The book under review draws from public documents and newspaper reports to put together a mosaic of how the Islamic societies are being subjected to extremism. In 1987, 404 people, 270 of them Iranians, had been killed after disturbances in Mecca. When Ayatollah Montazeri objected to extreme action taken against Iranian society after the Islamic Revolution, Imam Khomeini rejected him saying he (Imam Khomeini) was following the example of the treatment meted out to Banu Quraiza. By 1994, 48 writers and journalists had been executed, including novelist Rehman Hatefi and Said Sultanpour. A thousand Iranian intellectuals were in jail. In Egypt, the intellectual is under threat from a 1980 press law. Aala Hamid a novelist was sacked and imprisoned in 1997 for writing a novel the court thought obscene. In 1993, Egyptian professor Abu Zayd was declared apostate by a court and his wife forced to leave him. The same year Nawal El Saadhawi was hunted out of the country for writing objectionable novels. She had described the horror of her circumcision, a ritual that a majority of the women in that region of Africa have to suffer without a single cleric saying that it is against the teachings of the Quran. In 1995, an Algerian cartoonist was kidnapped and executed. In 1992, cartoonist Karimzadeh was sent to prison for one year and given fifty lashes because his cartoon looked suspiciously like the Spiritual Ruler. Iran closes down newspapers and publications considered anti-Islamic. One was the magazine edited by former president Rafsanjani’s daughter, Faezeh Hashmi.
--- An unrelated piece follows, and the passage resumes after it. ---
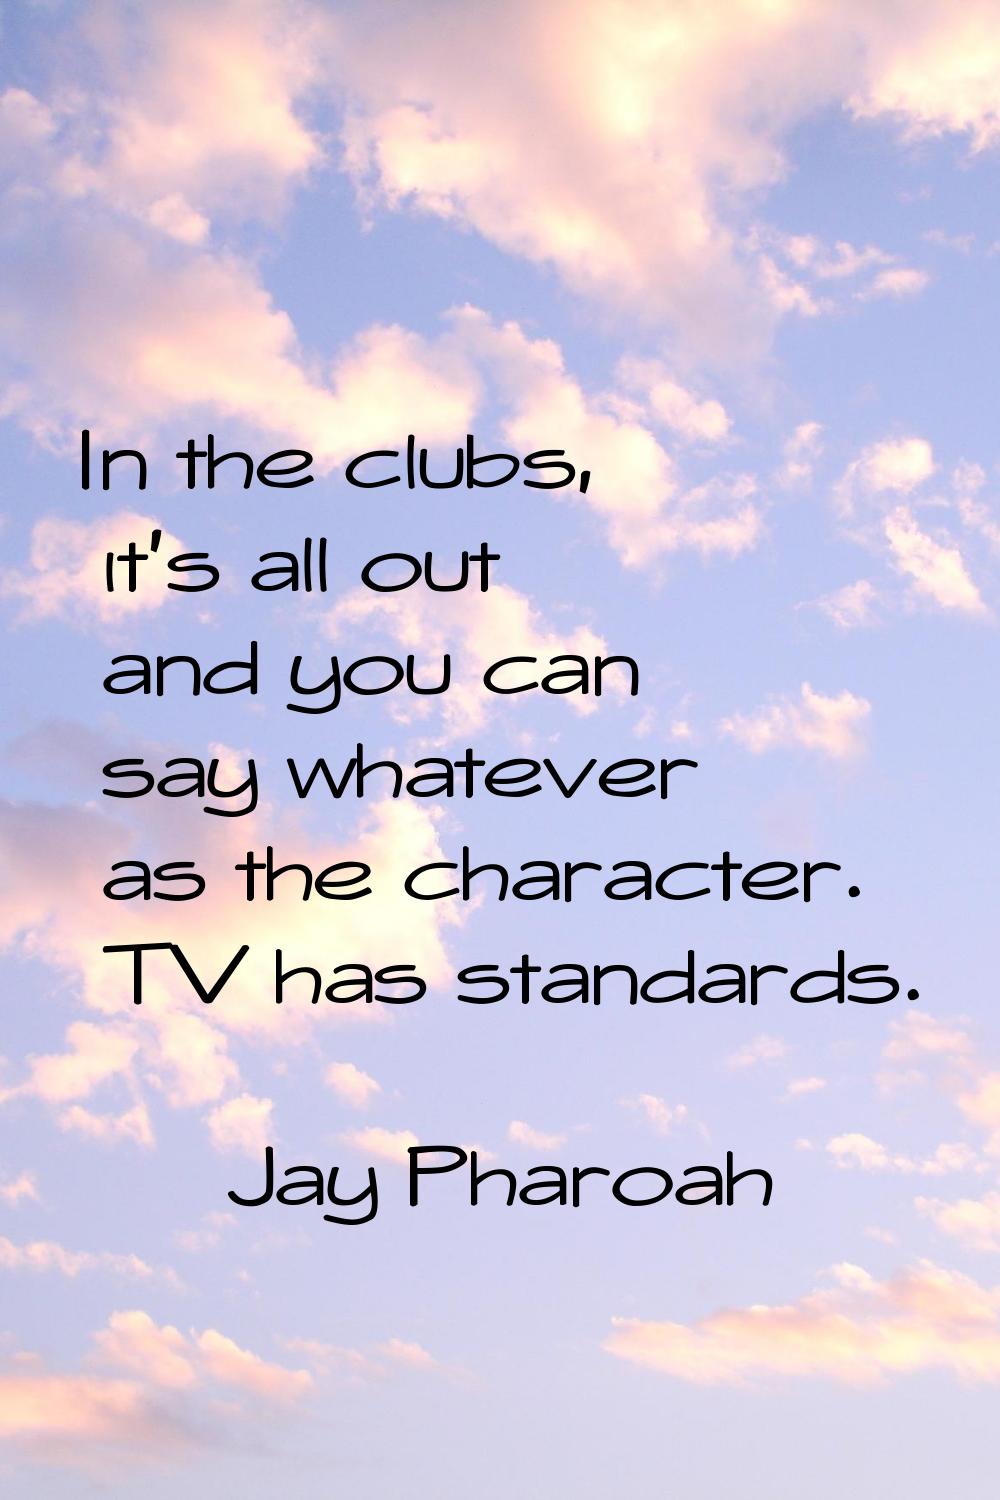 In the clubs, it's all out and you can say whatever as the character. TV has standards.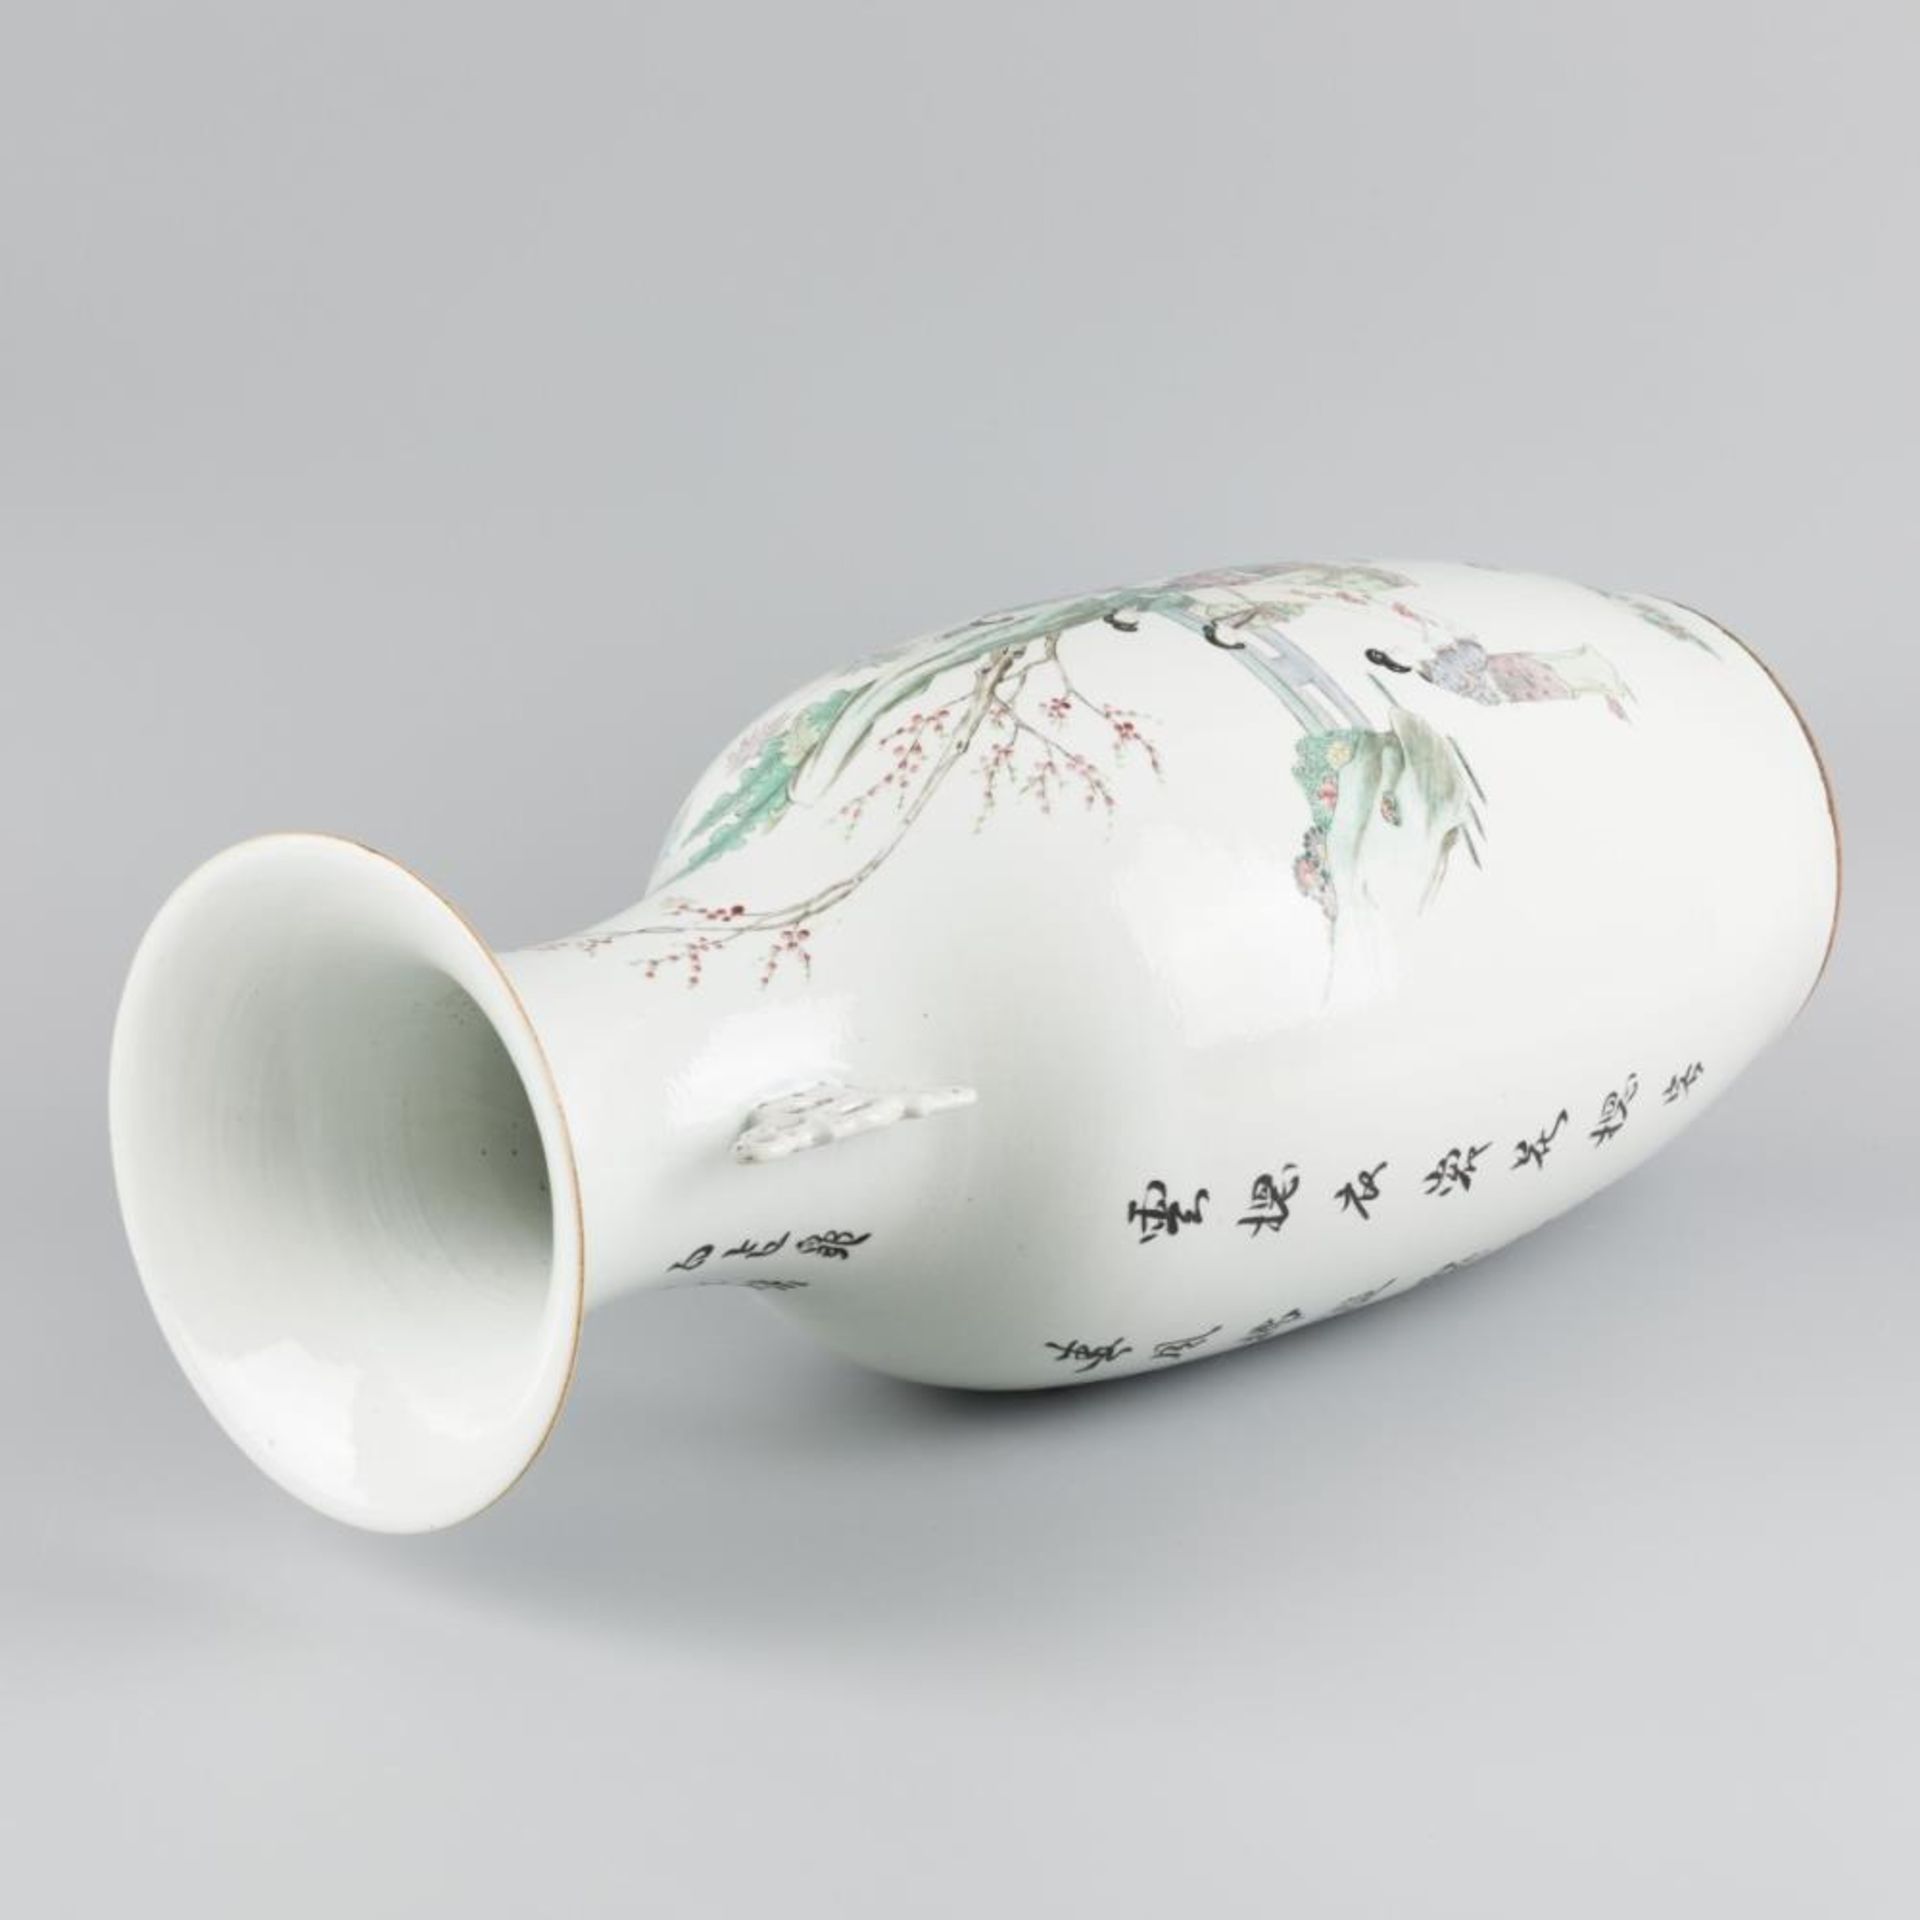 A vase with polychromed fencai décor, China, 20th century. - Image 3 of 3

In Algeria the religious party FIS was not allowed to rule after winning elections by an oppressive Algerian army. It went terrorist along with GIA, an extremist outfit inspired by the Afghan mujahideen. In 1995, GIA killed journalists it thought were ‘moderate’. It targeted the cartoonists in particular for being disrespectful. In 1998, pop singer Matoub was killed at a roadblock by GIA. In 1999, the Nigerian state of Zamfara adopted shariah and a mob chopped off the hand of a petty thief with a large knife saying they were using Saudi Arabia as a model because there people left their shops open without fearing theft. Their idea of shariah was going into the toilet with the left foot forward and coming out right foot forward. In 1998 six people were killed by stoning and Article 119 of the Qissas law specified that the stones used for rijm should not be so big as to kill the victim immediately. In 1980, a Saudi man was beheaded for forming a relationship with the daughter of a potentate. The daughter was executed with bullets through the head. In Malaysia in 1997 couples were wrongfully arrested under laws against khalwa. In Afghanistan, men had to keep beards under pain of punishment and could be lashed for wearing shorts and flying kites. Women were beaten with car antennae for going out without a mehram. In 2001 Afghan film-maker Sairah Shah made a film showing girls raped by the Taliban after killing their mother in front of them.

The fulminating man of God has to be blind to give out fatwas of extreme toughness. Saudi Arabia’s chief cleric late Ibn Baz thought anyone not believing that the earth is fixed and doesn’t revolve around the sun was outside the pale of Islam. King Faisal tried to confiscate his book but it was too late. Egypt’s Sheikh Omar Abdur Rehman was so violent in his oratory that he caused violence in the country and was driven into exile in the US where he was found guilty of planning a bombing of the Trade Center in 1993. In 1988 Naguib Mahfouz won the Nobel Prize for his novels but was stabbed by an Islamist youth in Cairo enraged by official criticism of his work. In 1976 Al Azhar of Egypt caused moderate Islamic leader Muhammad Taha of Sudan to be killed for apostasy. In Iran, moderate Ayatollah Shariatmadari was also rejected in favour of more extremist leadership. Islam is a moderate creed. There is misdirection in what is happening in Muslim societies.